Forum Moderators: goodroi

Message Too Old, No Replies

Use .htaccess to serve correct robots.txt?

Using htaccess and robots.txt to elimiate file duplication and 404 errors

         

iceman

10:48 pm on Oct 25, 2004 (gmt 0)

10+ Year Member



I have a site hosted on UNIX & Apache. After looking at my log files, I notice Google (in particular) will look for a robots.txt file in the sub-directories under my root domain. That causes a 404 error because a separate robots.txt file does not exist in each sub directory.

The easy answer to "clean up" the errors would be to put a robots.txt file in every directory. That would be a pain in the a$$ because there are a few thousand sub-directories and many of them change each week.

I was thinking about adding a(n) .htaccess file with a RewriteRule that would send a 301 Permanently Moved redirect(to the root level robots.txt file) for Google (or any spider for that matter). Since my root level robots.txt file is simple, I shouldn't have to worry about rule conflicts from the sub-directories.

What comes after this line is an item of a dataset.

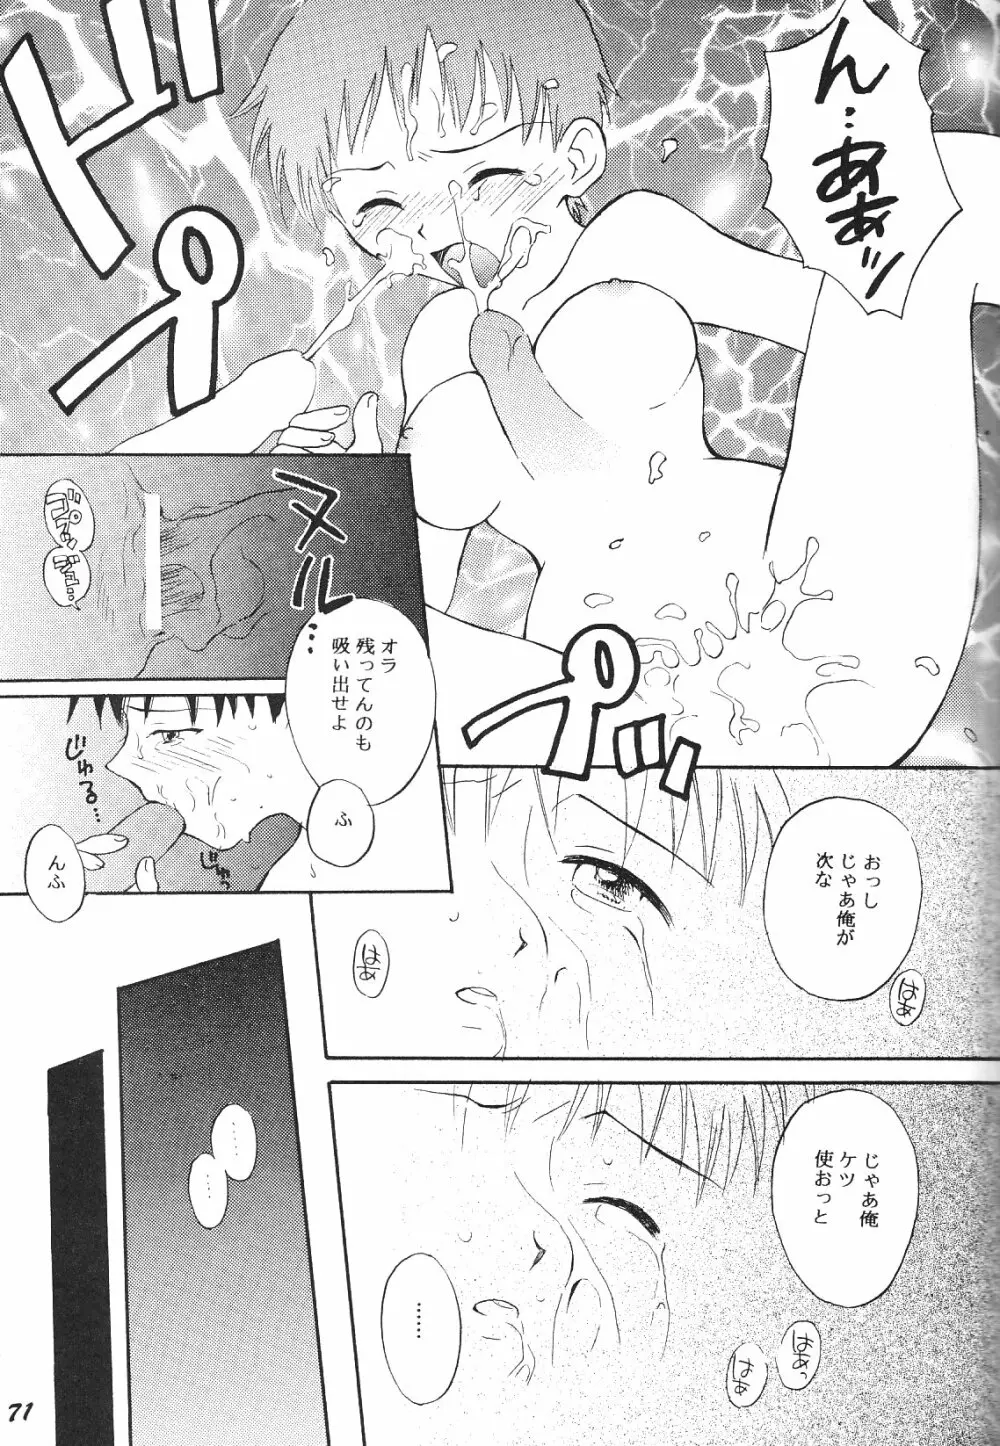 Maniac Juice 女シンジ再録集 ’96-’99 71ページ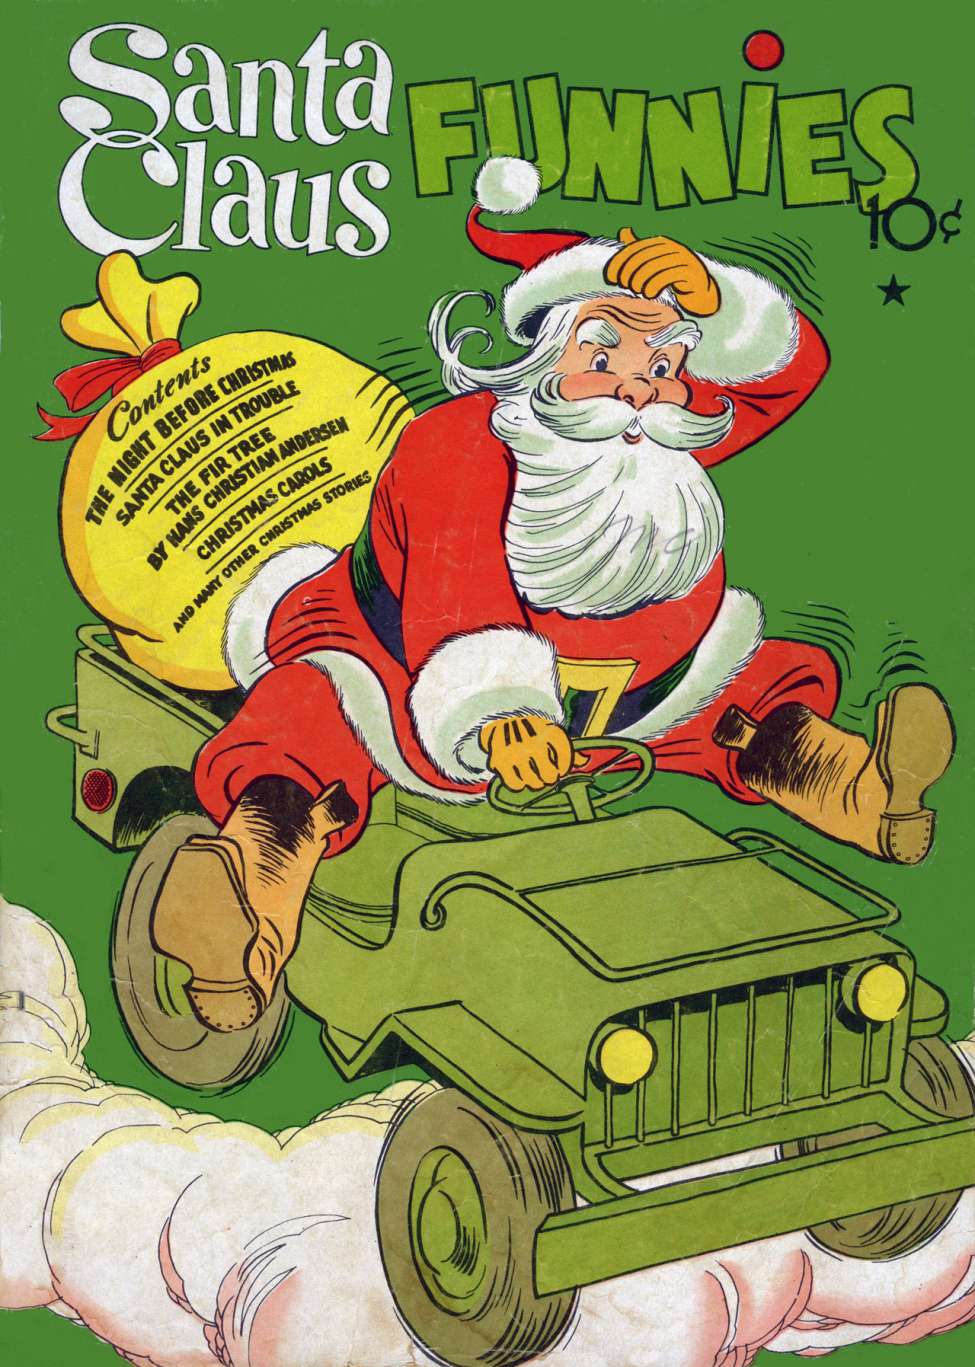 Papai Noel passou pelas eras de platina, ouro e prata dos quadrinhos

Based on my preliminary testing, the redirection is working fine.
Example:
Spider requests domain.com/subdirectory/robots.txt, the spider is sent to domain.com/robots.txt

Does anybody have any comments or downsides to going with this idea?

Thanks for any help.

jdMorgan

12:05 am on Oct 26, 2004 (gmt 0)

WebmasterWorld Senior Member 10+ Year Member



Comment:

You are fixing a problem that should not exist. robots.txt is defined as a single file per domain that resides in the Web root of that domain -- i.e. the "home page" directory.

So, the real job here is to figure out why Googlebot is getting confused, and fix that.

Do you map subdomains to subdirectories or anything like that? -- An error in implementing such a mapping function could confuse the 'bot.

I have never seen Googlebot look for robots.txt in any subdirectory of my sites, and I've been watching since AltaVista was King.

The server headers checker in the WebmasterWorld control panel may be useful to debug this problem.

Jim